Oyun İçinde Oyun; Gücü Yetenden Yetmeyene Hoptirinam…
Oyun yazarı sanki şu bizim garip ülkemize gelmiş de birilerinin durmadan malına, parasına mallar, paralar katıp varsıllaşırken manyaklaştığı, kimilerininse iki yakasını bir araya getirebilmek şöyle dursun durma yoksullaşırken cinnet geçirip aklını oynattığı çaresiz insanlarımızla görüşe konuşa kalemi alıp bizden biriymişçesine yazmış metnini. Yok yok, ustalık kuşkusuz yazar Joan Yago’nun yaptığı, dünyanın neresinde olursa olsun, oyunun kendi ülkesinde geçtiğini düşünmemesi olanaksız izleyicinin. Çünkü yazar insanoğlunun ana sorunsalı gelecek kaygısını temel izlek alıp bunun üzerine kuruyor dramatik çatıyı. Metni ekibiyle kaleme alan yazarın böylelikle oyunu daha da köpürttüğü öngörülebilir.
Bir işyerinde, işten çıkarılmaları konu edilen ikisi karı-koca dört kişi, işsiz kalmamak için, soruna çözüm üretmek amacıyla birlikte neler yapabilecekleri ne gibi yollar bulabilecekleri gibisinden toplantı yaparlar. Derken âdeta sanrı savrulması diyebileceğimiz düşlerinin peşinde ayakları yerden kesilip uçuşa geçerler. Evet, Fairfly, bunca yalın, yalın, çünkü şu yerkürede milyarlarca insan için basbayağı temel bir sorunsal bu.
İş, zaten bizatihi hünerli olan metnin ayağa nasıl kaldırıldığı, böylesi önemli bir konunun seyirciye nasıl aktarıldığı kuşkusuz, sorun da burada değil mi?
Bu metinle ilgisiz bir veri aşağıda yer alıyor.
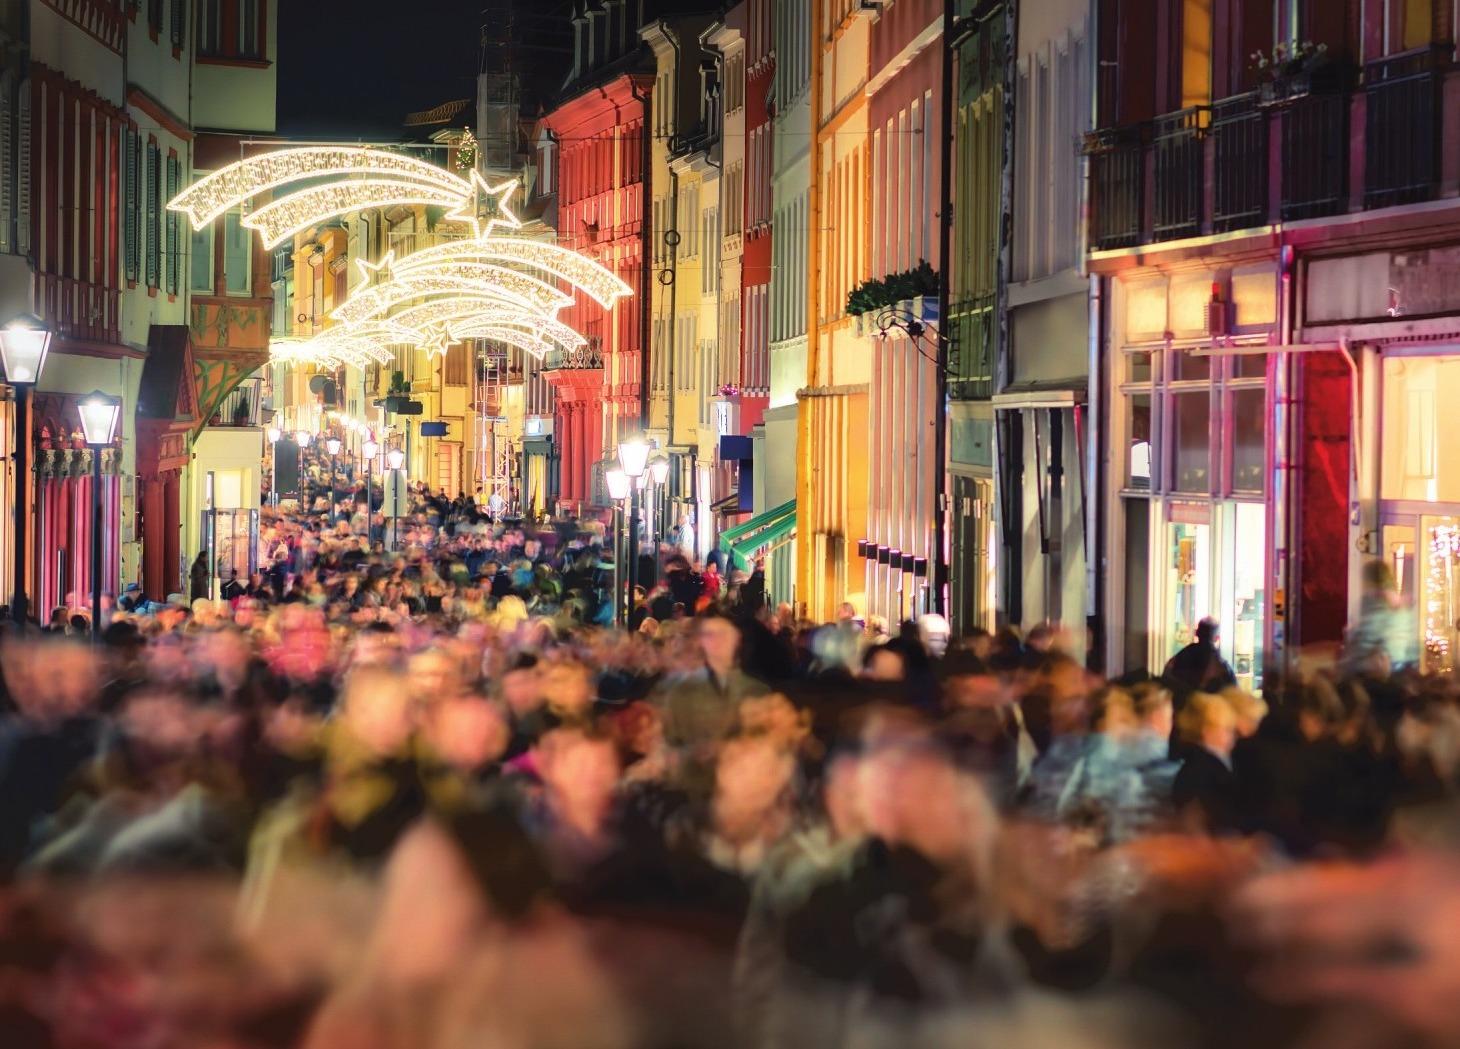 Gut geplant kann der Weihnachtseinkauf trotz voller Straßen Spaß machen. Foto: Adobe Stock/Smileus
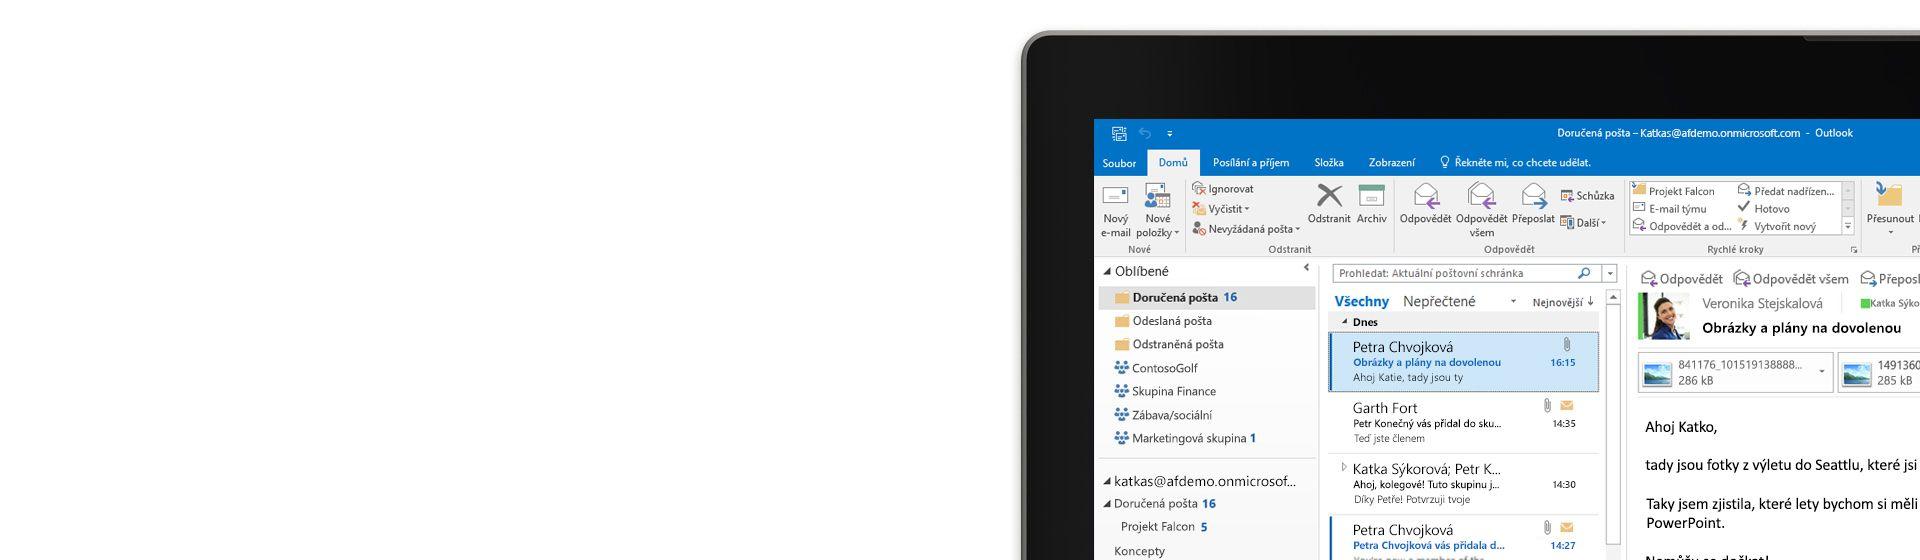 Částečné zobrazení desktopové verze Microsoft Outlooku

O zaman yönetmenin, oyuncuların hüneri giriyor devreye, öyle olunca bunu onlarla anlatmak gerekiyor.
Oyun İçinde Oyun; Bir Kumardan Ötekine, Ya Tutarsa…
Yönetmen Mark Levitas, bizi kıskavrak yakalayıp tam anlamıyla çevrimsel bir döngüye alıyor. Çünkü her an birer umut tacirine dönüşen dört karakter, halkalar halinde farklı bir umut diyalektiği doğrultusunda sürekli baloncuklarla hayaller üretip umuttan umutsuzluğa kayıyor, ardı sıra hemen yeni umuda yönelip oyun içinde oyunla masaldan masala uçuruyor diyebiliriz bizi.
Burada, bütün bu dramatik çatışmaların, kopuşlarla ayrılışların düz bir çizgide gitmediğini bilmem söylemeye gerek var mı? Yönetmenin hüneri de, olayı dümdüz, sıradan aktarırken, insan yaşamında bunun nasıl sıra dışı bir olağanüstülük taşıdığını yansıtmasında kendini gösteriyor. Olağanı anlatıyormuş gibi görünüp olağan dışını verebilmesi, bir masal havasında bunu aktarabilmesi, öyle ya şaşırtmacalı güzellik kazandırıyor sahneye.
Ne ki dört oyuncu, Fairfly’e apayrı bir ruh katıyor. Bunu, karakterleri, hakkını vererek bütün ayrıntıları ustalıkla yansıtmaktan kaynaklanan, gerçekliği pekiştirerek nokta koyan tutumla sağlıyor. Ayrıntıları hakkıyla yansıtıp gerçektenlik duygusunu alabildiğine köpürten dört oyuncunun adını özellikle anmak zorunlu: Atakan Akarsu, Begüm Akkaya, Tuğçe Altuğ, Barış Gönenen.
Türk tiyatrosu, GalataPerform’u korumak, kollamak zorunda değil yalnız, perde açımını kim bilir ne güçlüklerle sürdürüp yaşam savaşımı veren topluluğu, ülkenin yangında ilk kurtarılacak “kültür hazinesi” bağlamında da alabilmeli.
Oyun İçinde Oyun; “Fairfly”, Ütopyadan Distopyaya…
Sonuçta ayakları yere basan, gelecek kaygısına uzandığı emeçleriyle insan dünyasına yönelik açmazları sergileyen bir oyun Fairfly. Oyun içinde oyun biçemiyle her karakterin bireysel dünyasına da dalıp bu umut yolculuğunun umutsuzlukla nasıl kesintiye uğradığını gözlerken aslında bir kara anlatıyla kuşatılıp nasıl bir distopyayla yüz yüze geldiğimizi kavrıyoruz.
Oyunun adı: Fairfly. Bu oyun oynanmalı, bu oyun izlenmeli.